The analysis pipeline requires a source directory containing MIDI files as input and outputs a dataset directory containing analysis results.
Before running the pipeline, you need to:
- Install this package (for local installation,
pip install -e .) - Prepare a soundfont file on your disk
- Prepare the source folder
Run the pipeline:
python run.py --path <path_to_dataset_dir> --src <path_to_src_dir> --verbose\
-sape\
--soundfont <path_to_soundfont>The pipeline provides 4 actions:
--sync,-s: Sync the notes to the beat- Input:
midi - Output:
synced_midi
- Input:
--align,-a: Align the MIDI files to C major/A minor- Input:
midi - Output:
synced_midi(same as -s. If -a is used together with -s, their effects will both be applied tosynced_midi)
- Input:
--to_pianoroll,-p: Convert the processed MIDI files to pianoroll format- Input:
synced_midi - Output:
pianoroll
- Input:
--extract_features,-e: Extract features from the pianorolls- Input:
pianoroll - Output: many
- Input:
Combinations of actions:
-sapefull pipeline-spefull pipeline without alignment-saoutputs synced and aligned midi. No conversion to pianorolls
In the dataset directory, each subdirectory contains one attribute of all pieces.
dataset_dir/
midi/
piece1.mid
piece2.mid
pianoroll/
piece1.npz
piece2.npz
key/
piece1.json
piece2.json
density/
piece1.json
piece2.json
...
The music_data_analysis.Dataset class provides an interface for accessing attributes of the pieces.
from music_data_analysis import Dataset
dataset = Dataset('path_to_dataset')
songs = dataset.songs() # list[music_data_analysis.Song]

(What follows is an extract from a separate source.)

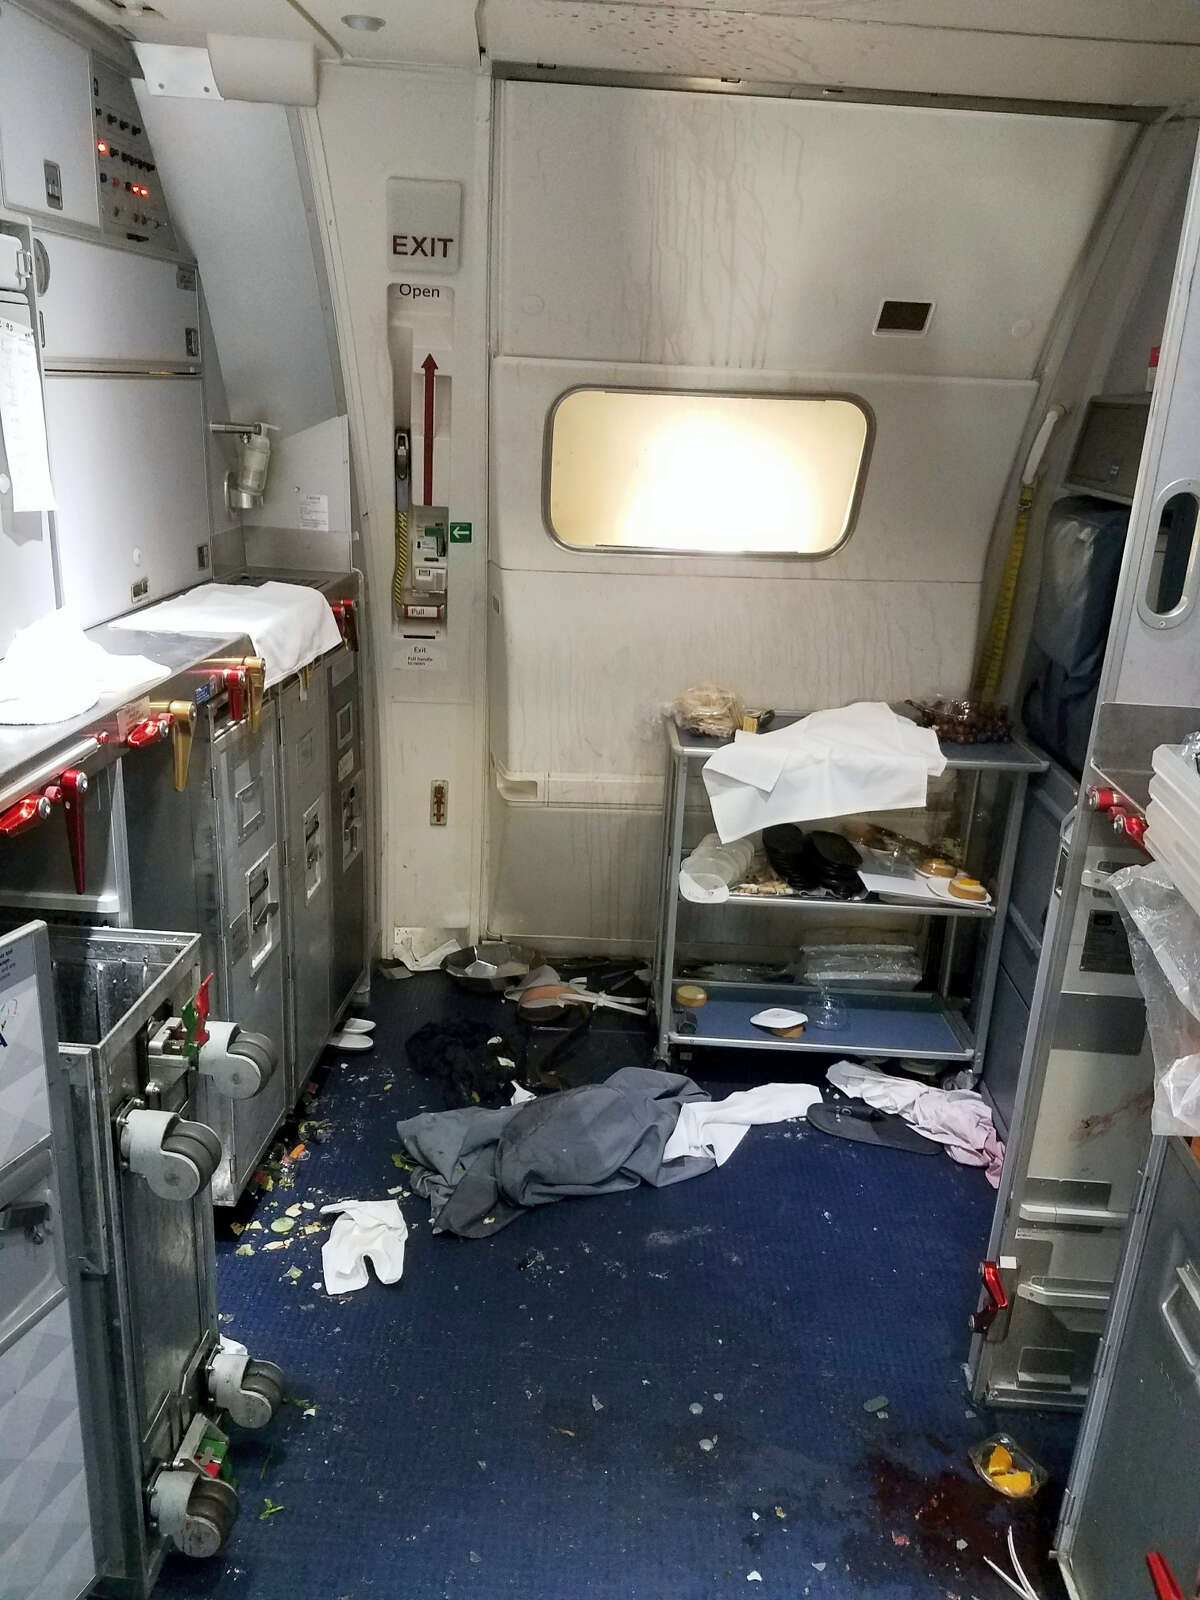 This Friday, July 7, 2017 photo taken the FBI and released via the U.S. Attorney’s Office in Seattle shows the aftermath of a cabin on Delta Flight 129 from Seattle to Beijing, after authorities say flight attendants struggled with Joseph Daniel Hudek IV, a passenger who lunged for an exit door. The photo was included in a criminal complaint filed Friday, July 7. The passenger is charged with interfering with a flight crew and faces up to 20 years in prison.

# Get midi of the first song
midi = songs[0].read_midi("synced_midi") # miditoolkit.MidiFile
# Get pianoroll of the first song
pianoroll = songs[0].read_pianoroll("pianoroll") # music_data_analysis.Pianoroll
# Get key of the first song
key = songs[0].read_json("key") # dict
# Get note density of the first song
density = songs[0].read_json("density") # list[float], one value per bar
# Get song by name
song = dataset.get_song("piece1") # music_data_analysis.Song